Woman finds kidney donor through Facebook, gets transplant
Doctors told the 21-year-old woman earlier this year that she would need a kidney transplant immediately. Unfortunately, her rare blood type meant she would have likely waited at least three more years for the organ.
Facing renal failure, Craig allowed her cousin to make a heartfelt plea on Facebook.
"I wasn't expecting anyone to say, oh yeah, sure, let's donate," she told FOX News in Tampa Bay.
Yet, one week after the message was posted Hannah got a message from her cousin's friend Hillary Glanzer. The two had met as children, but weren't in contact at the time.
Glanzer, 28, was tested immediately and found to be a perfect donor match for Craig. She volunteered to give up one kidney and is now recovering from the transplant procedure.
"I just broke down crying -- a good cry because it was such a relief," Craig said. "It's an amazing gift to give someone, it's just wonderful. Thank you Mark Zuckerberg and Facebook for having that social network around to inspire transplants and stories."
Kidney recipient Hannah Craig recovers from transplant surgery in this photo shown on FOX 13 Tampa. (FOX 13 Tampa Bay)
Craig's story is far from unique. Dozens of organ recipients have spoken out about finding donors through social media in recent years.
A Minneapolis man made headlines in April 2011 after he found a kidney donor through Twitter, and later that year, a woman in Miami received 800 responses to a Craigslist post explaining her need for a new kidney. In that case, a 23-year-old stranger gave up one kidney to save the woman's life.
For many, finding an organ on Facebook has been life-saving.
In October 2011, researchers from Loyola University Medical Center in Chicago examined nearly 100 Facebook pages set up to find living kidney donors.
One in eight of the potential recipients reported receiving a kidney transplant, while 30 per cent said at least one potential donor had stepped forward to be tested for compatibility.

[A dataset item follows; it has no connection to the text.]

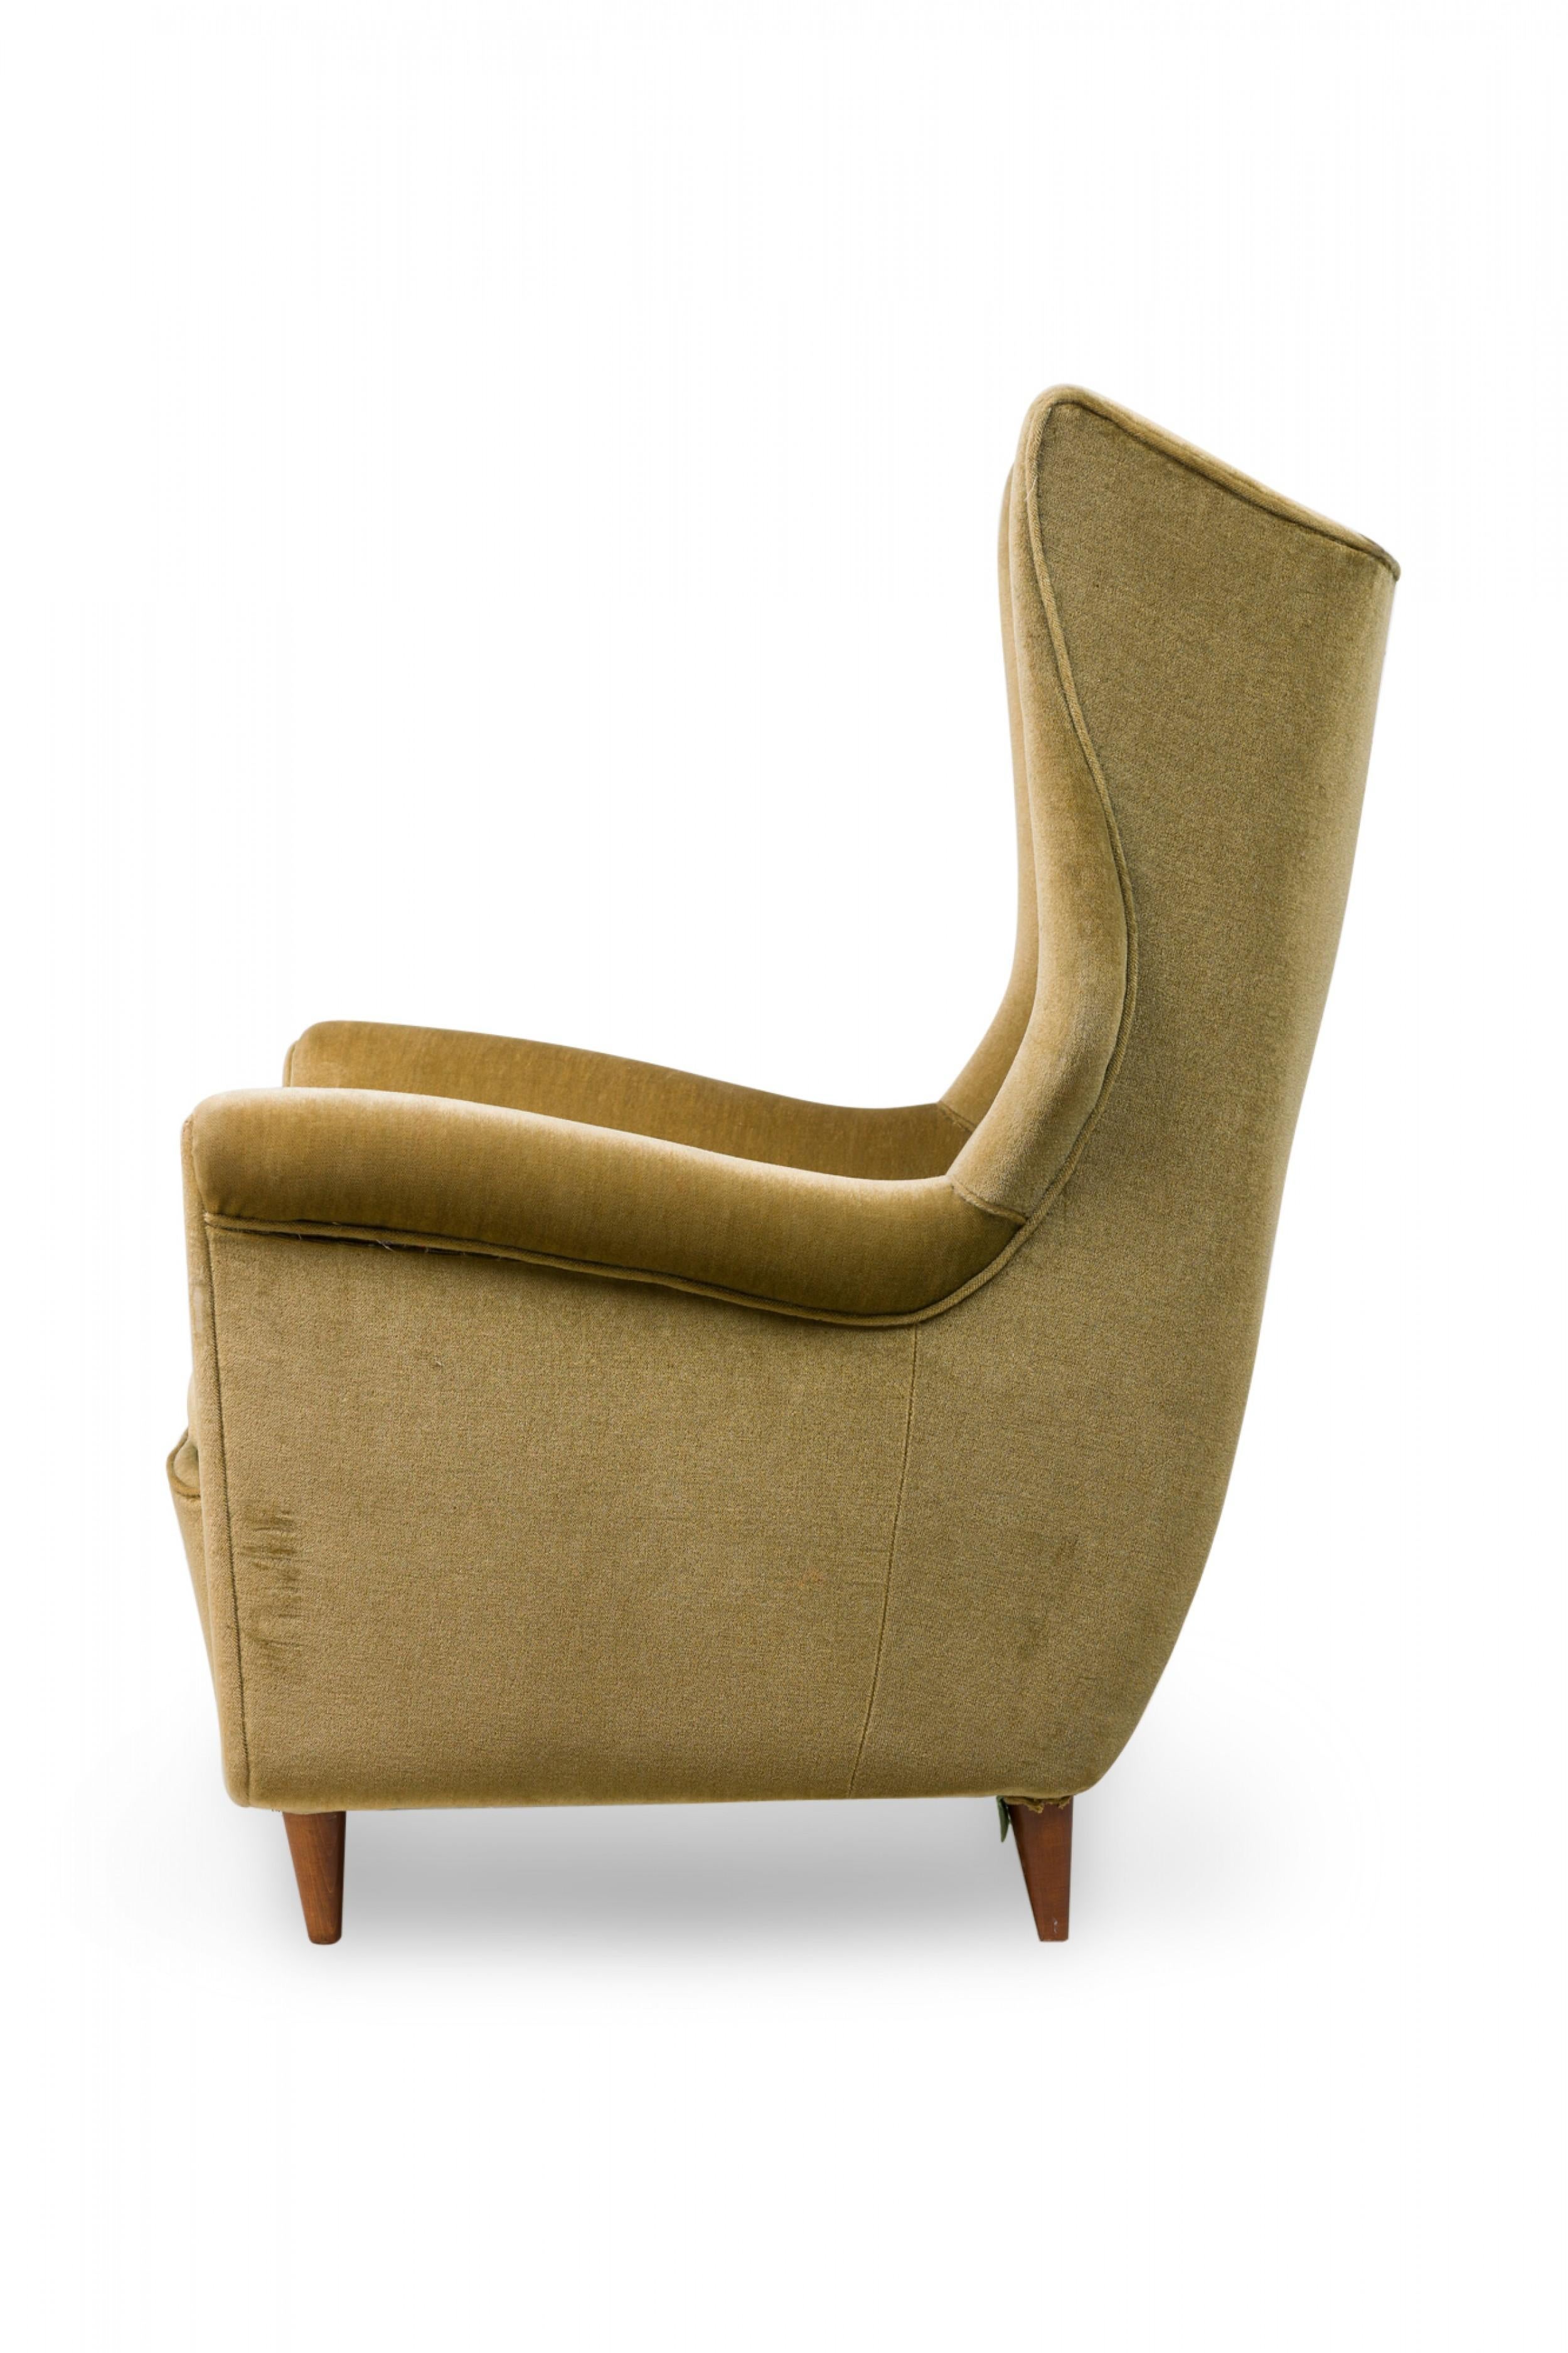 20th Century Pair of Midcentury Italian Modern Gold Velvet Upholstered Lounge / Armchairs For Sale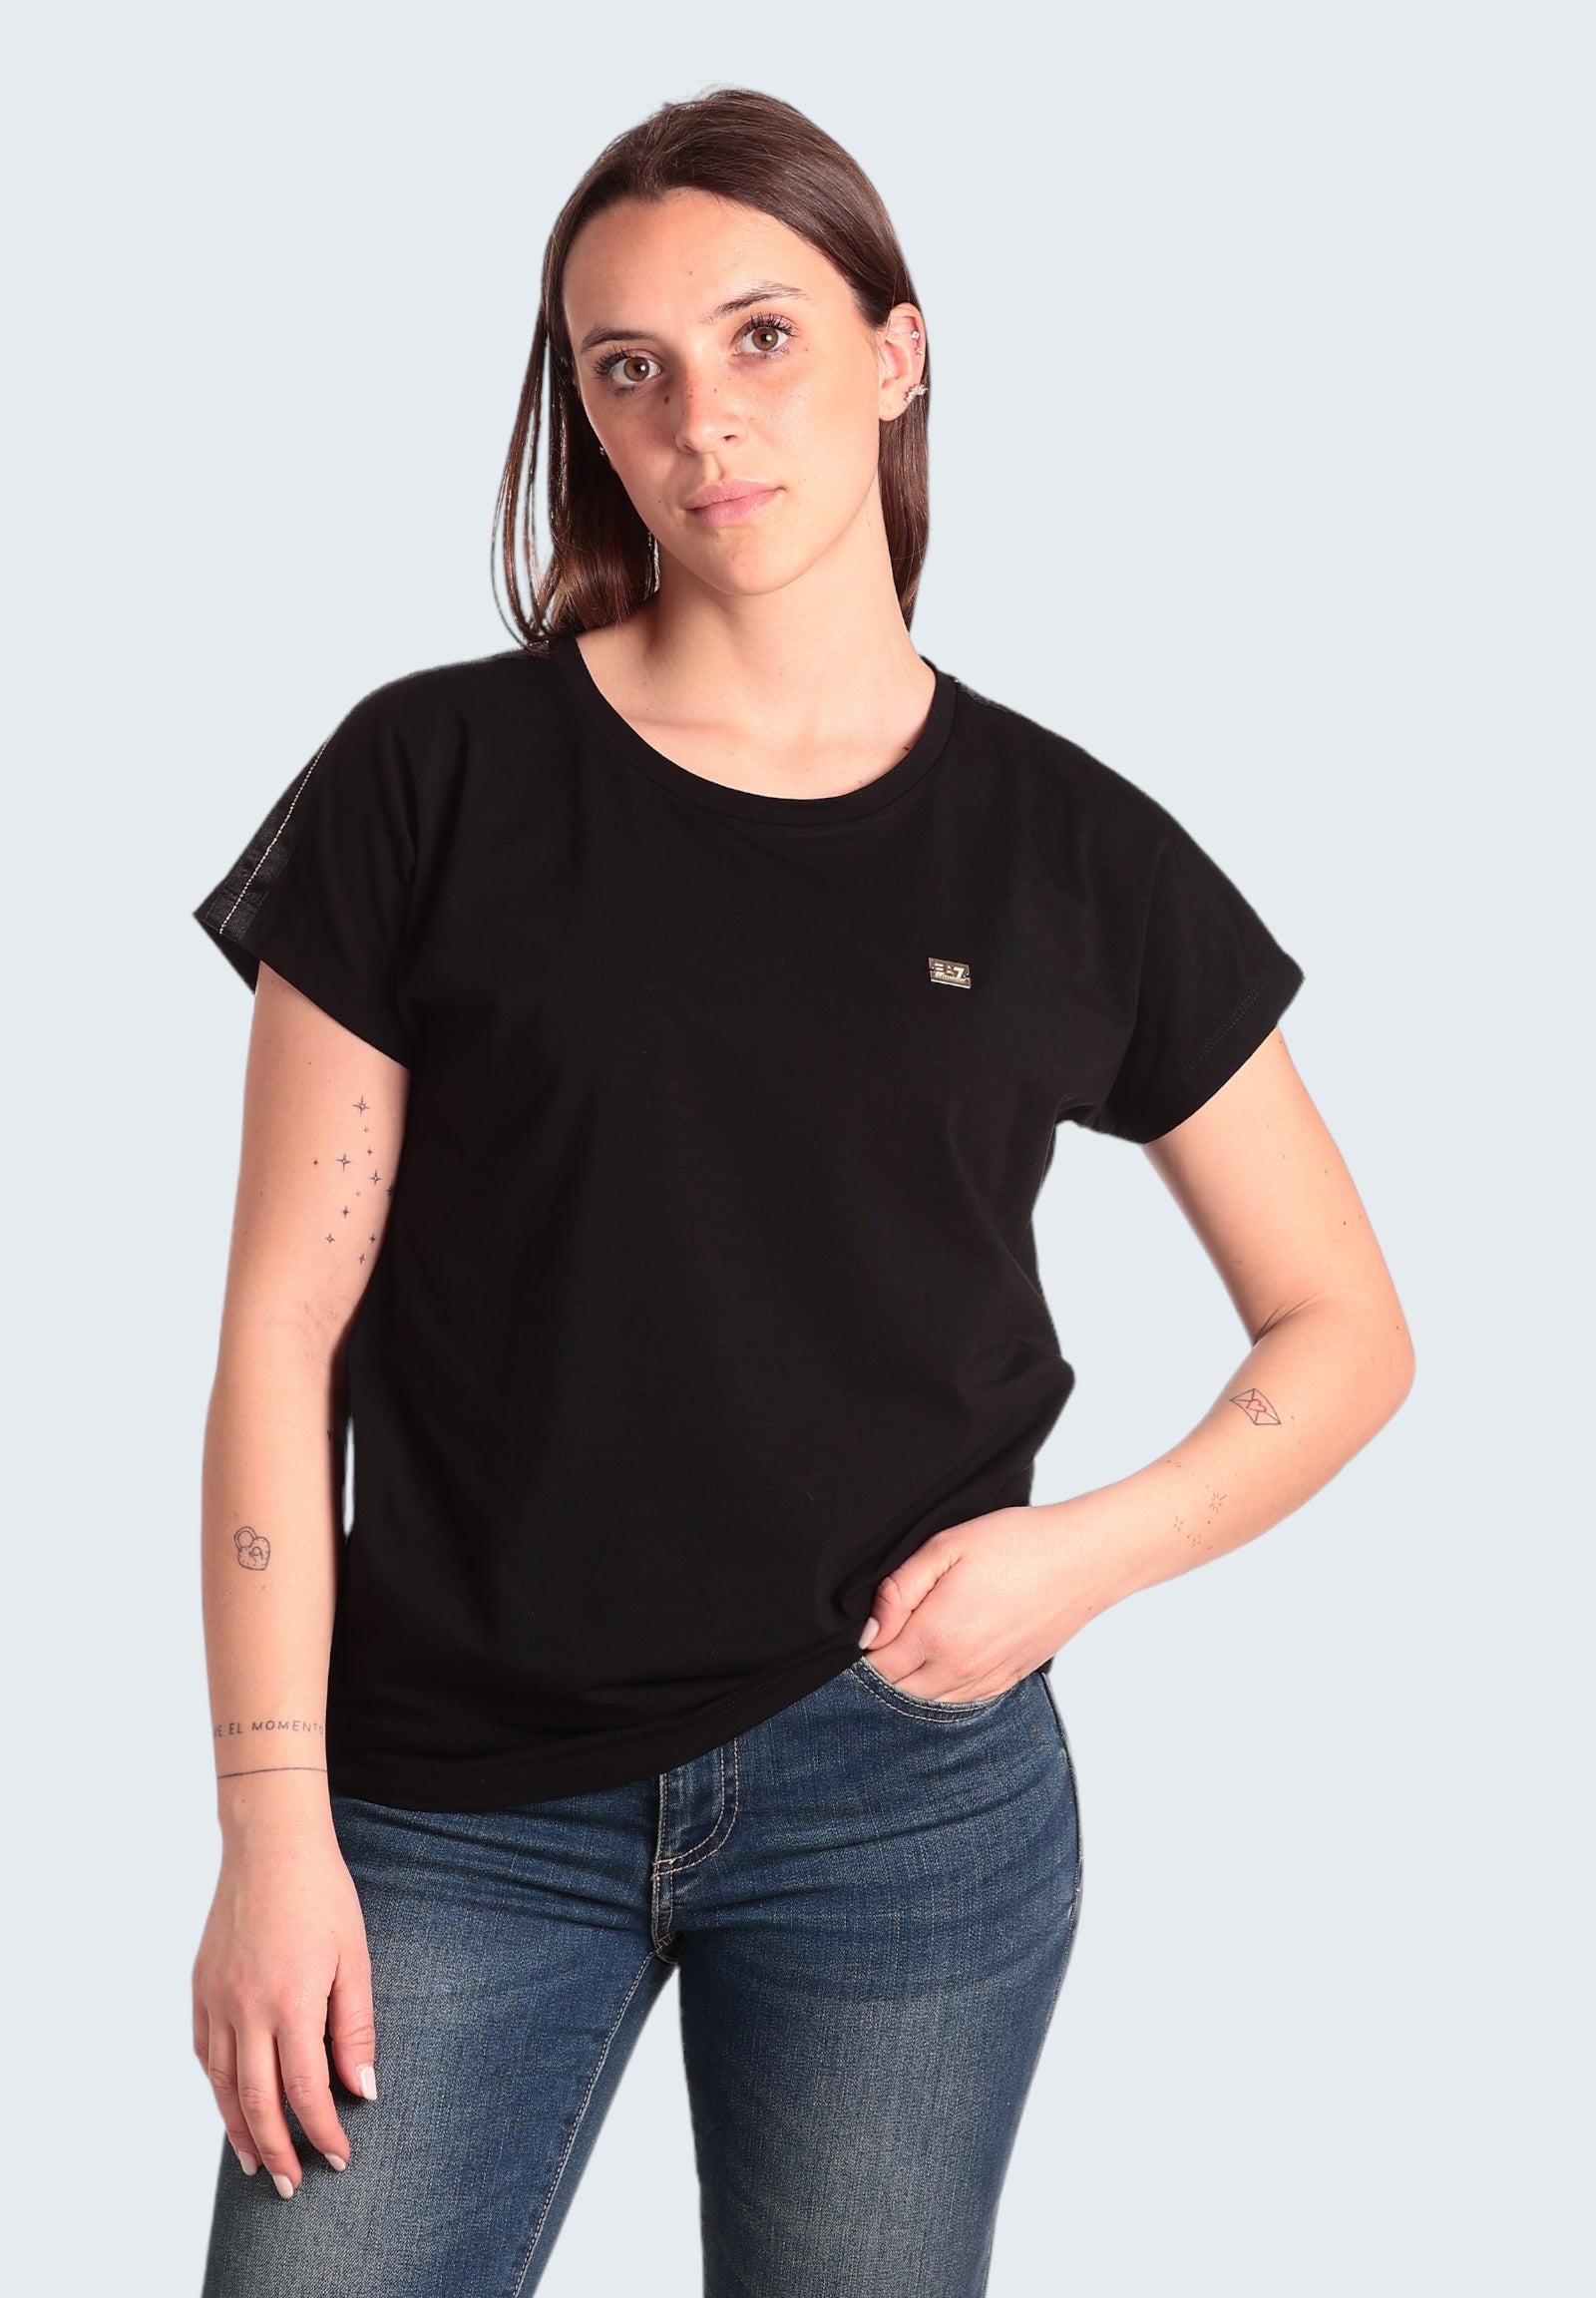 Ea7 Emporio Armani T-Shirt 3dtt41 Black

The organ donation community is so active on Facebook, in fact, that it may have helped inspire the company's official organ donation initiative announced by Mark Zuckerberg in May.
The program allows users in several countries to post their organ donation status, encouraging them to sign up with their local registries.
More than 100,000 Facebook members posted organ donation statuses in the program's first week alone.
If you saw an acquaintance or stranger looking for a new kidney on Facebook, would you consider donating? If you need a kidney yourself, would you seek it out online?
Let us know your thoughts below.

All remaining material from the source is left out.